Health observers are questioning Quebec's withdrawal from national health initiatives like the recently launched national organ donation and transplant system.

This is not the first time the francophone province has opted out of national healthcare programs, pointed out Globe and Mail columnist Andre Picard. Quebec is not a part of the national blood collection and distribution system, the national bone marrow registry or the national Health Council of Canada. It is also not a formal partner in the Canadian Patient Safety Institute.

Most of the time Quebec sends sit-in participants to these health gatherings. At times it even gets it share of the funding, like in the $41 billion health accord monitored by the Health Council of Canada.

Quebec, though has signed up for the Canada Health Infoway and the Canadian Institute for Health Information.

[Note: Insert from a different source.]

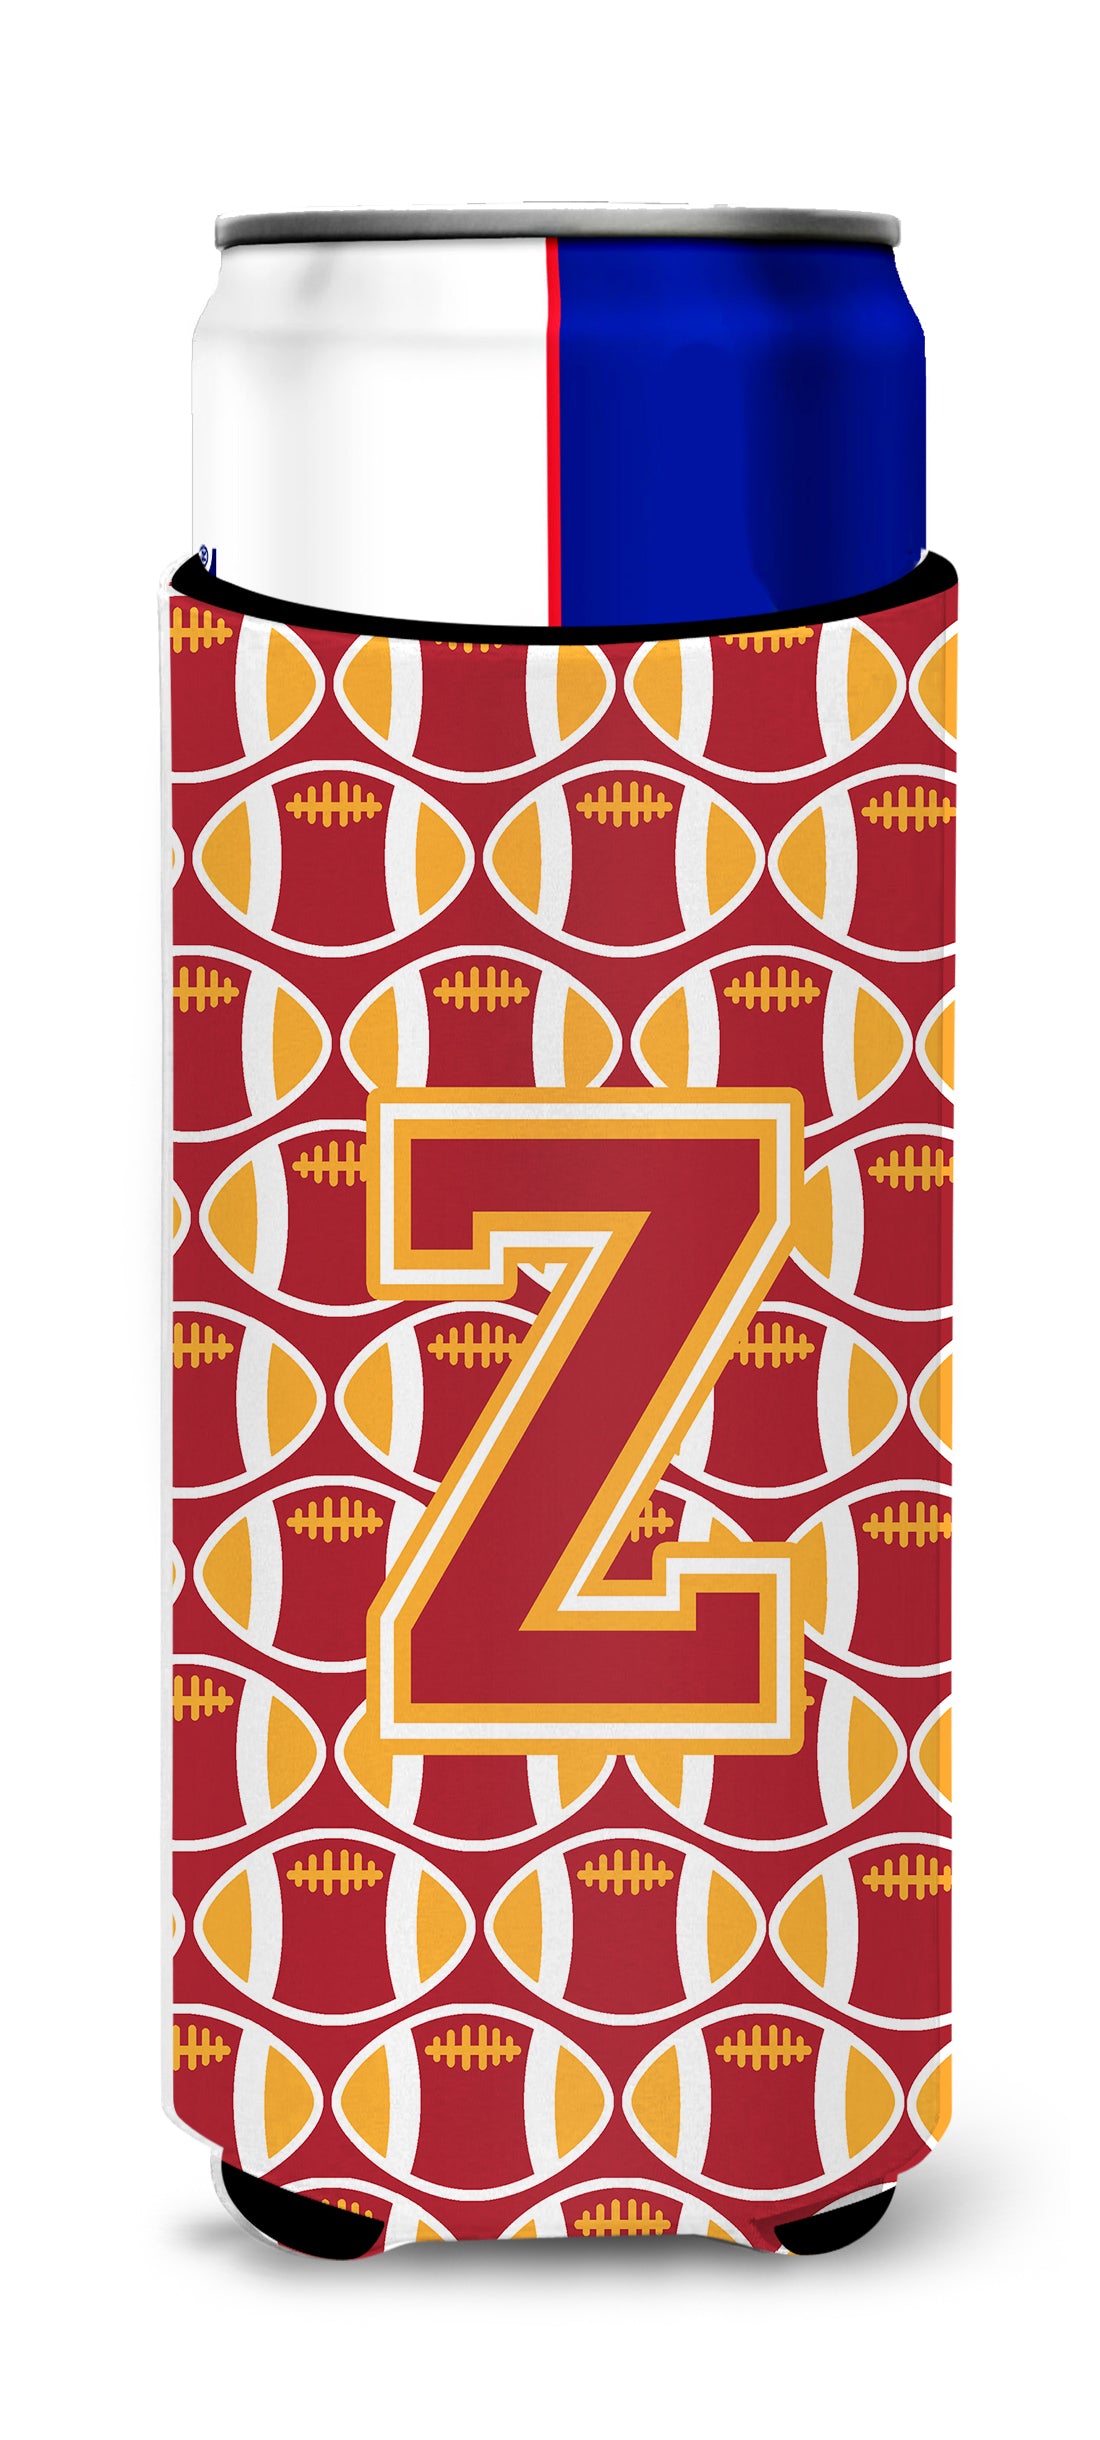 Letter Z Football Cardinal and Gold Ultra Beverage Insulators for slim cans CJ1070-ZMUK.

When the national organ donation system was launched in the middle of August, federal, provincial and territorial health ministries pooled in $35 million to run the integrated national organ system. Aside from having one of the lowest global organ donation rates at 13 donors for every one million population, Canada was one of a few nations in the developed world which did not have a national integrated approach to organ donation until now.

The establishment of the national organ donation system was prompted by the rising number of Canadians who died while waiting for transplants.

While health is a provincial responsibility, Picard emphasizes, it does not prevent provinces from cooperating, inking alliances and creation national systems because diseases and cooperation "know no borders."